Delivery, status, and operations

Consider:

  • Deployments
    • Deploys per day/week.
    • Current deployed version per service.
    • Rollbacks in the period.
  • Operational queues
    • Jobs queued vs processed.
    • Long-running or stuck jobs.
  • Support & tickets (if relevant)
    • Open tickets by severity.
    • Time to first response, time to resolution.

For each metric, decide whether it belongs as:

  • A top-level KPI (high-level health).
  • A trend chart (monitor movement over time).
  • A detail table (investigation and follow-up).

Avoiding the “generative UI” look

When generating dashboard specs or markup, explicitly avoid:

  • Emoji, ASCII art, or whimsical icons in titles, labels, or legends.
  • Phrases like “Here’s a neat chart I made for you” or “Let’s explore your data.”
  • Redundant subheadings such as:
    • “Section 1: Overview” immediately followed by a card titled “Overview.”
  • Over-nesting:
    • More than two levels of tabs or accordions.
    • Multiple carousels of charts.
  • Overly verbose descriptions of each widget.
    • Keep annotations 1–2 sentences max, only where truly needed.
  • Auto-generated-feeling “insights paragraphs” unless the user specifically asks for written insights.

Instead, favor:

  • Plain, professional labels and section titles.
  • A small set of clearly explained widgets.
  • Straightforward, actionable annotations (e.g., “Error rate exceeded SLO on 3 of the last 7 days.”).

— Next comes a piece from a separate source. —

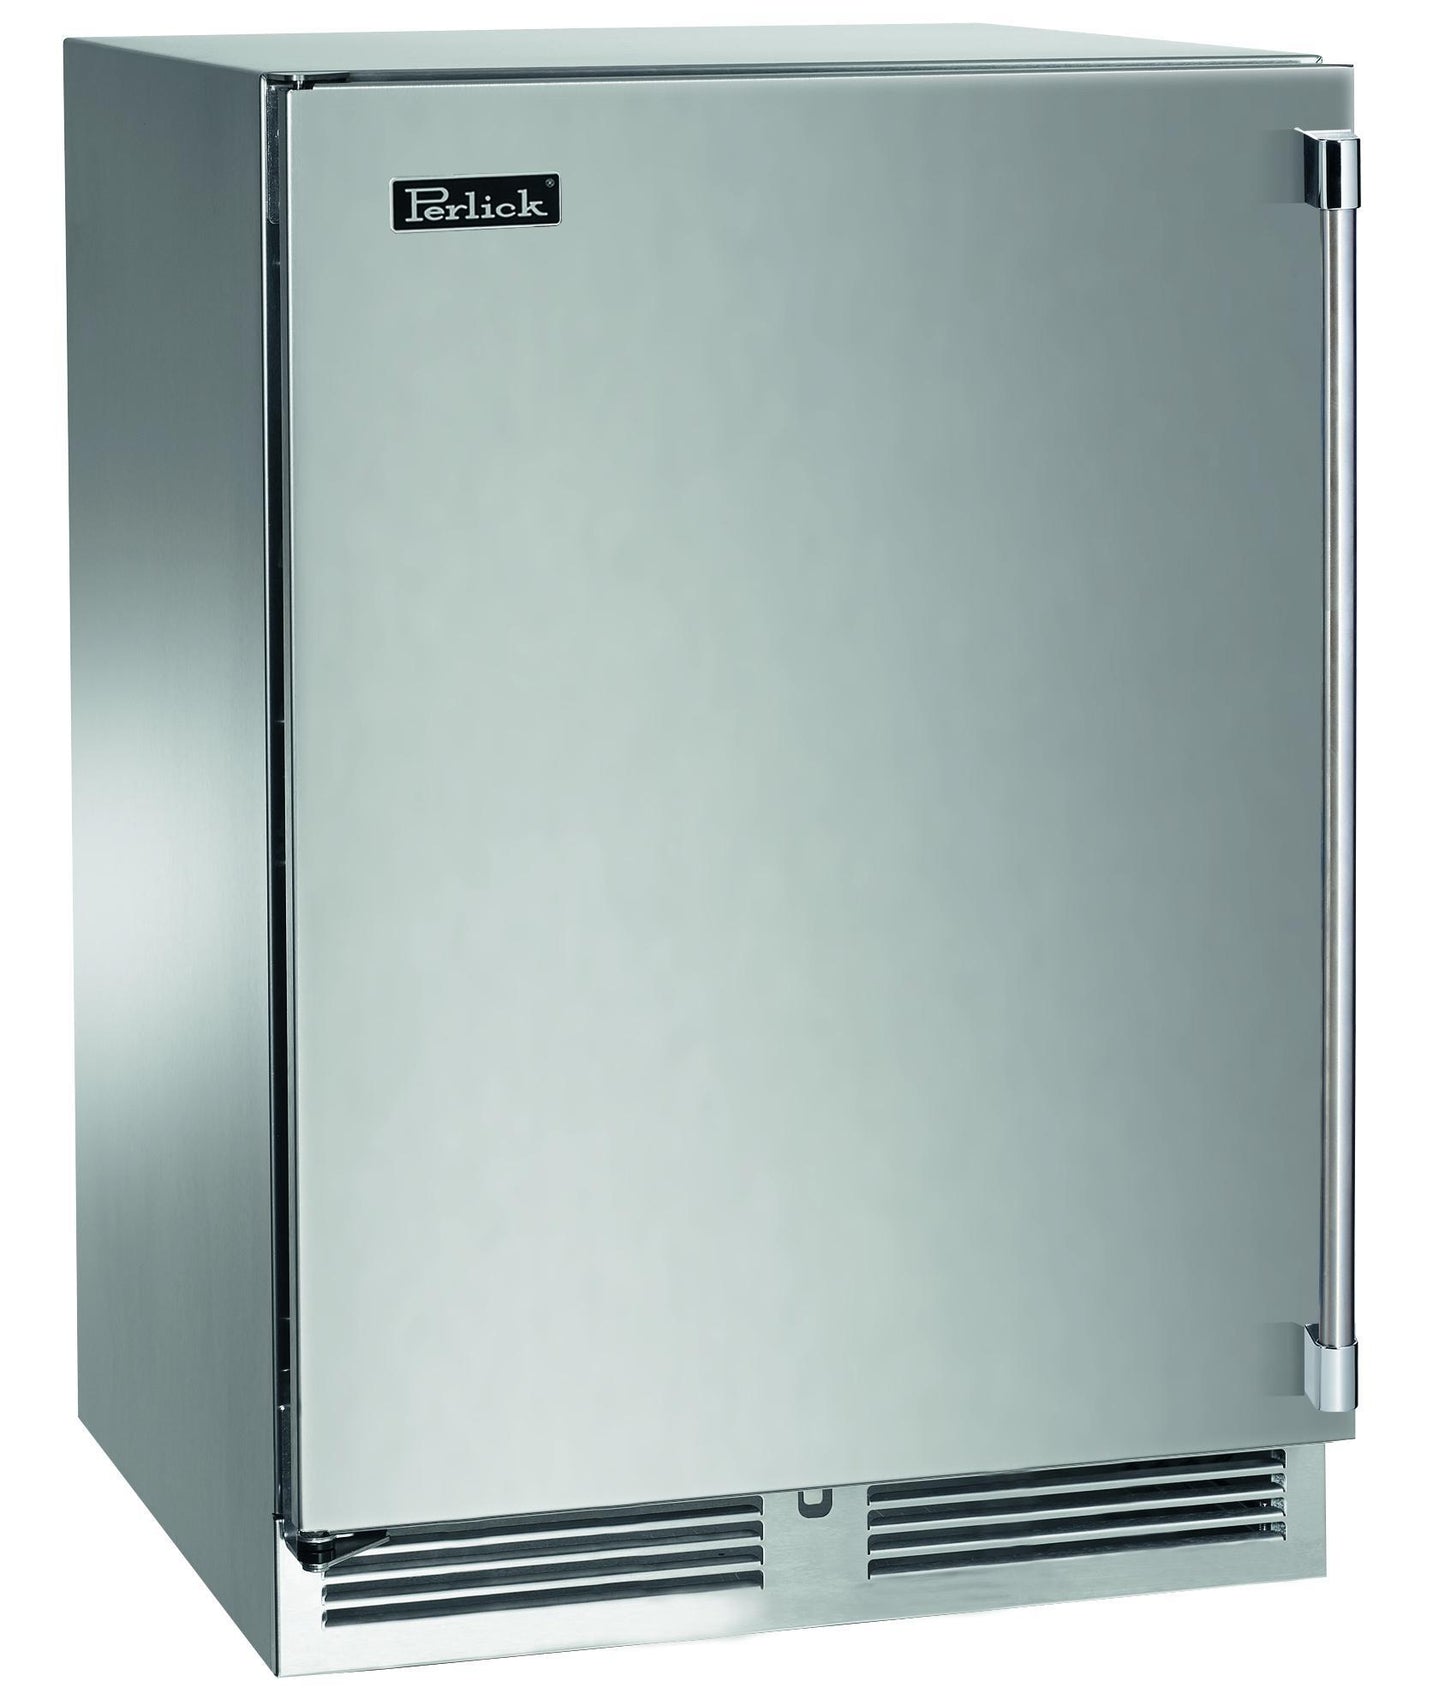 Perlick HP24RS41R 24" Undercounter Refrigerator

Step-by-step workflow for the agent

When asked to design or refine a project dashboard:

  1. Clarify the core questions and audience.
    • Infer from context or ask for 2–4 core questions.
  2. List candidate metrics grouped into usage, reliability, and status.
  3. Select and prioritize:
    • Choose at most 6 KPIs, 3 charts, and 1–2 tables for the first version.
  4. Define layout and hierarchy:
    • Arrange in the 3-layer structure: Health KPIs → Trends → Detailed status.
  5. Specify widgets precisely:
    • For each widget, specify:
      • Type (KPI, line chart, bar chart, table).
      • Query/fields.
      • Time range and filters.
      • Exact title and labels.
  6. Check for noise and redundancy:
    • Remove or merge low-value or overlapping widgets.
    • Simplify labels and ensure consistent naming.
  7. Describe how to use the dashboard:
    • 3–5 bullet points explaining typical workflows (e.g., morning health check, incident review, release validation).

Always optimize for clarity, scan-ability, and decision support over decoration.